Senin, Juli 15, 2024
BerandaHukumGelombang Pasang dan Banjir Rob Terjang Pesisir Tanah Bumbu dan Kotabaru

Gelombang Pasang dan Banjir Rob Terjang Pesisir Tanah Bumbu dan Kotabaru

Jejakbanua.com, Tanah Bumbu – Sejumlah wilayah pesisir  di Kabupaten Tanah Bumbu dan Kotabaru Provinsi Kalsel diterjang bencana banjir rob dan  gelombang pasang air laut atau badai dalam tiga hari terakhir sejak Sabtu (24/12/2022) hingga Senin (26/12/2022).
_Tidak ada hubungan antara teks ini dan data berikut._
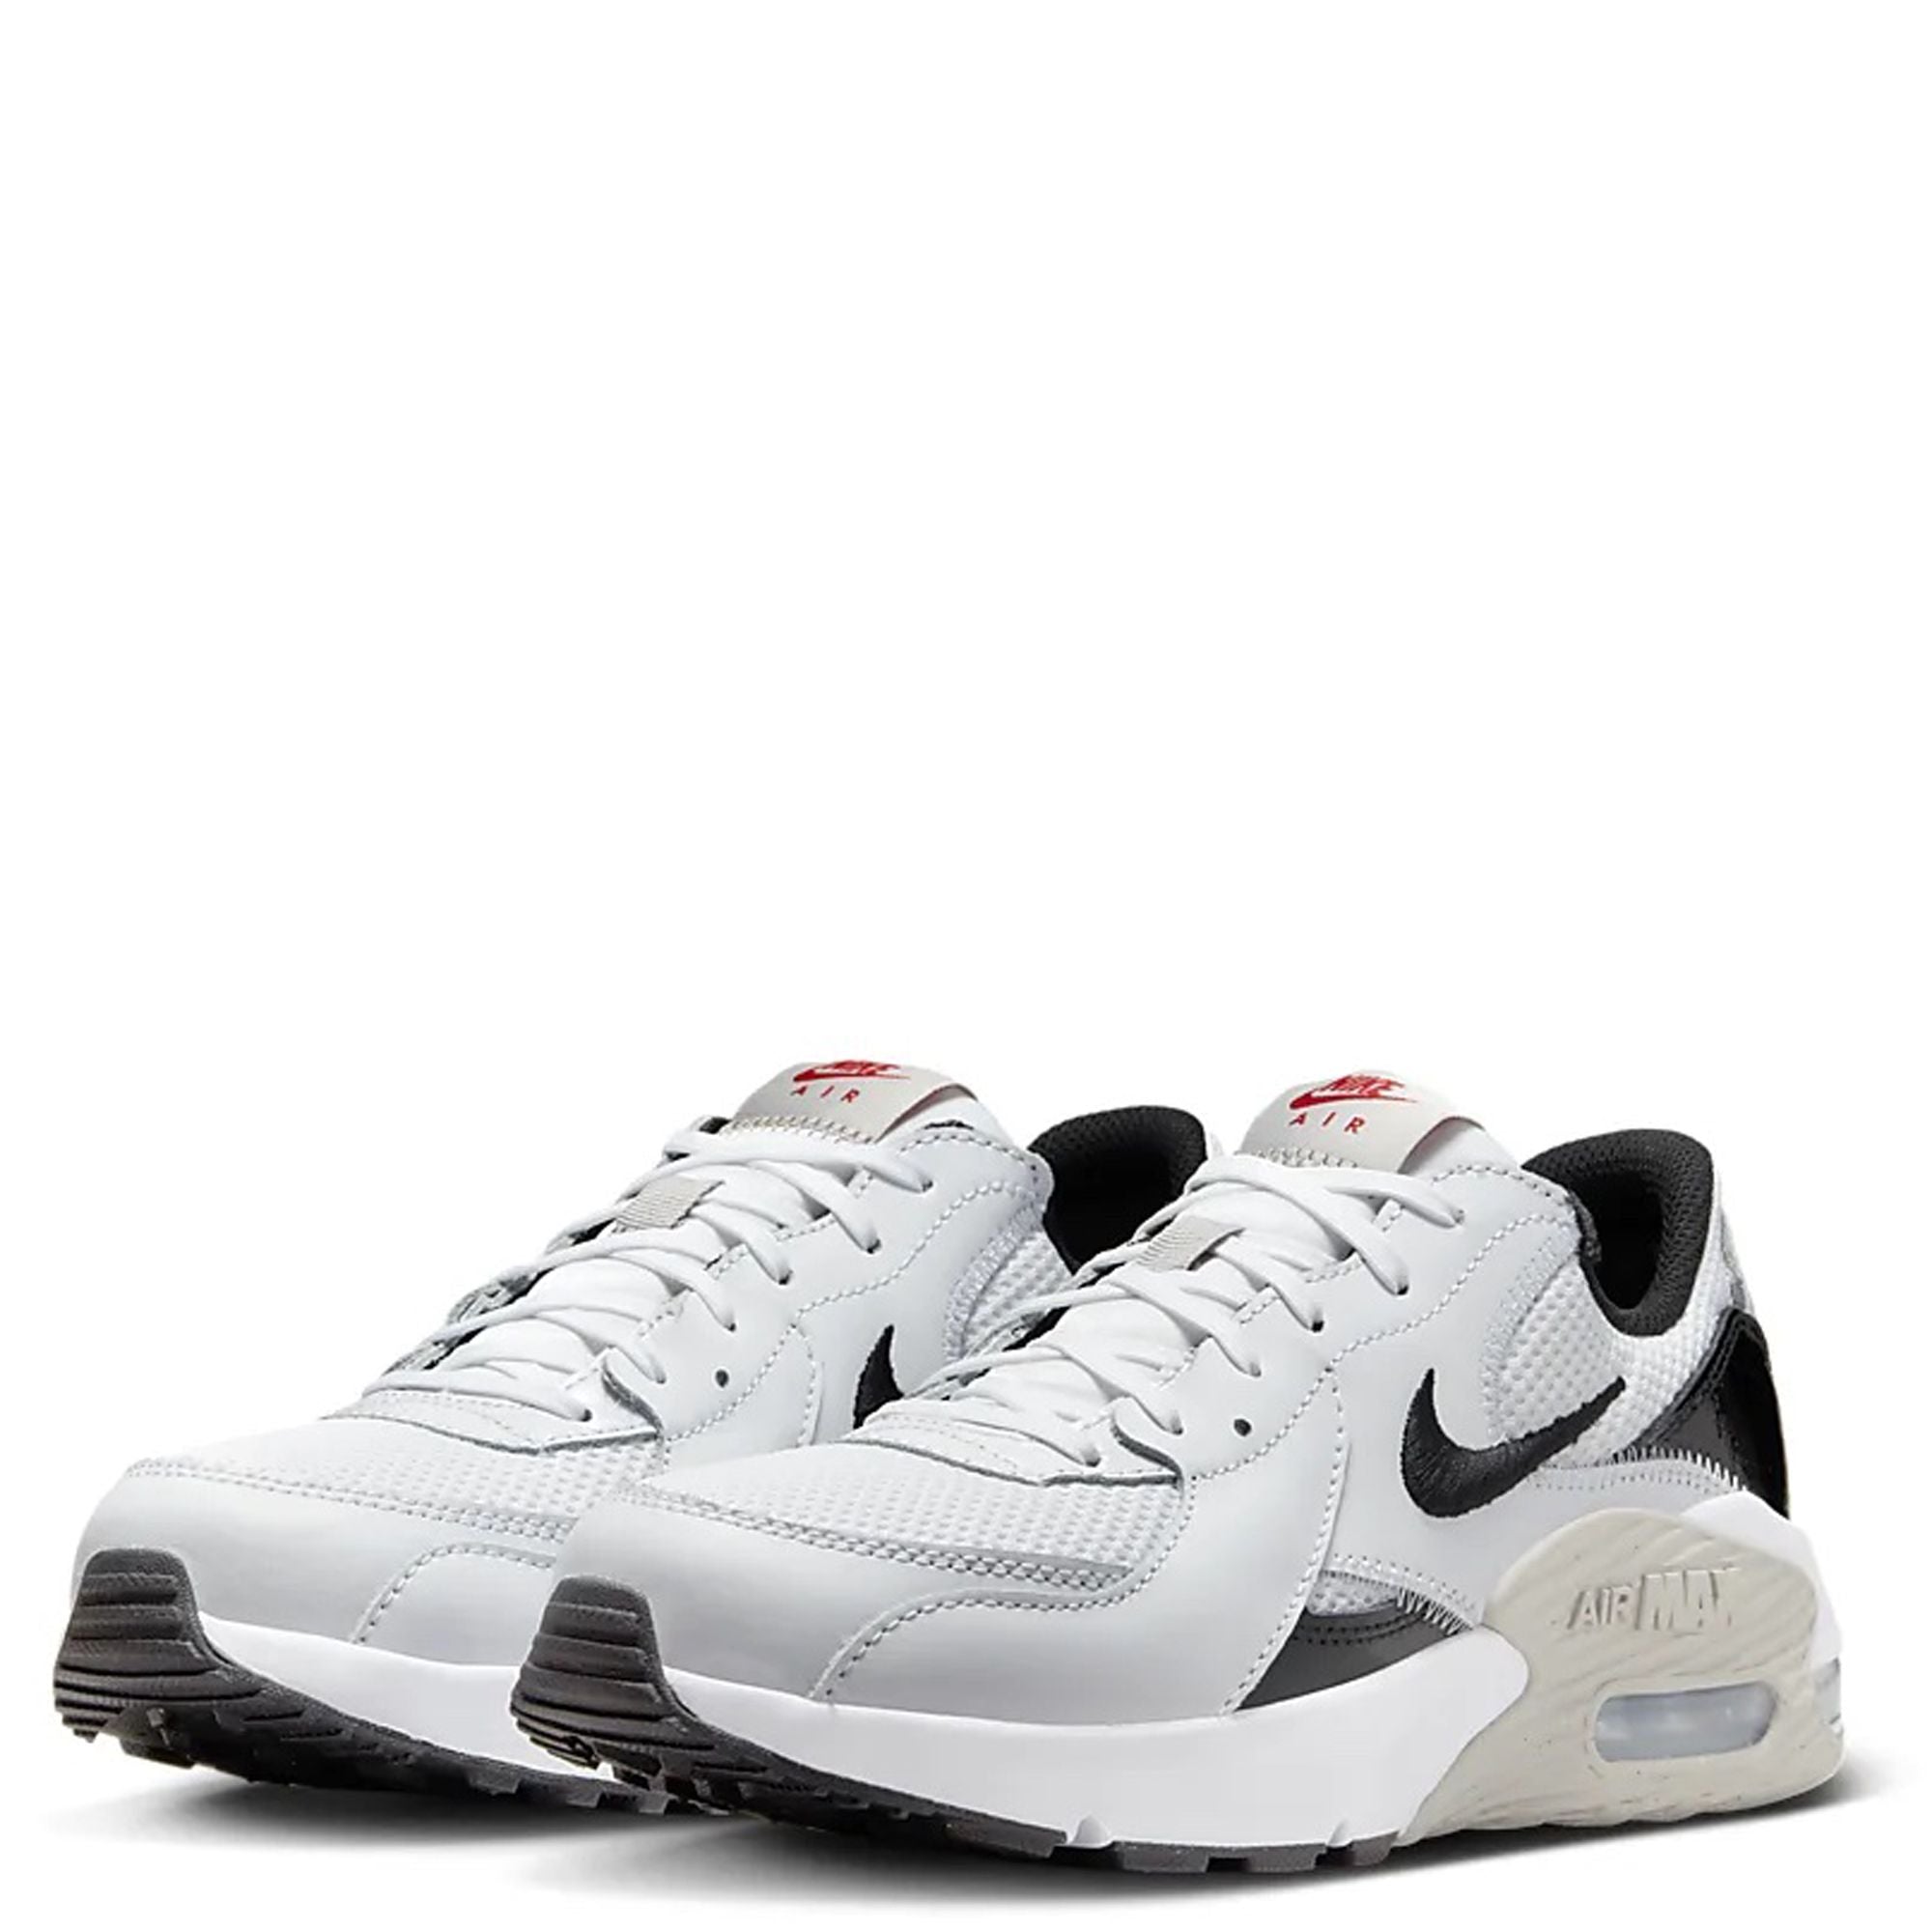 Nike Women's Air Max Excee Shoes White/Black-LT Iron Ore-University Red DR2402 100

Berdasarkan data dilansir Tagana Kalsel, sebanyak 630 rumah yang dihuni 2194 kepala keluarga terdampak akibat bencana tersebut.

Banjir terjadi di Kotabaru terjadi di tiga desa yakni Tapian Balai, Lontar Utara dan Lontar Selatan.

“Banjir di Kotabaru akibat curah hujan tinggi sehingga air sungai meluap dan menggenangi rumah warga di tiga desa,” kata Kabid Linjamsos Dinsos Kalsel H Achmadi.

Banjir rob juga melanda wilayah pesisir Kecamatan Satui yaitu di Desa Satui Barat, Setarap dan Sungai Cuka pada Senin (26/12/2022).

“Akibat kejadian ini ratusan  kepala keluarga di tiga desa tersebut mengungsi ke tempat pengungsian yang telah disediakan maupun ke keluarga masing – masing,” kata Achmadi.

Salah satu lokasi pengungsian adalah di Gedung Serbaguna Desa Al Kautsar yang menampung 228 jiwa pengungsi dari Desa Setarap.

Sementara gelombang pasang air laut akibat badai terjadi di 5 desa pesisir Kecamatan Pulau Laut Tanjung Selayar Kotabaru seperti di Teluk Tamiyang, Tanjung Kunyit, Gosong Panjang, Kampung Baru,  dan Tanjung Tengah.

Kejadian gelombang pasang pada tanggal 24 dan 25 Desember 2022 yang mengakibatkan 34 rumah terdampak.

“Bencana di dua kabupaten yaitu  Tanah Bumbu dan Kotabaru dalam tiga hari terakhir sebanyak 630 rumah terdampak,” kata Achmadi.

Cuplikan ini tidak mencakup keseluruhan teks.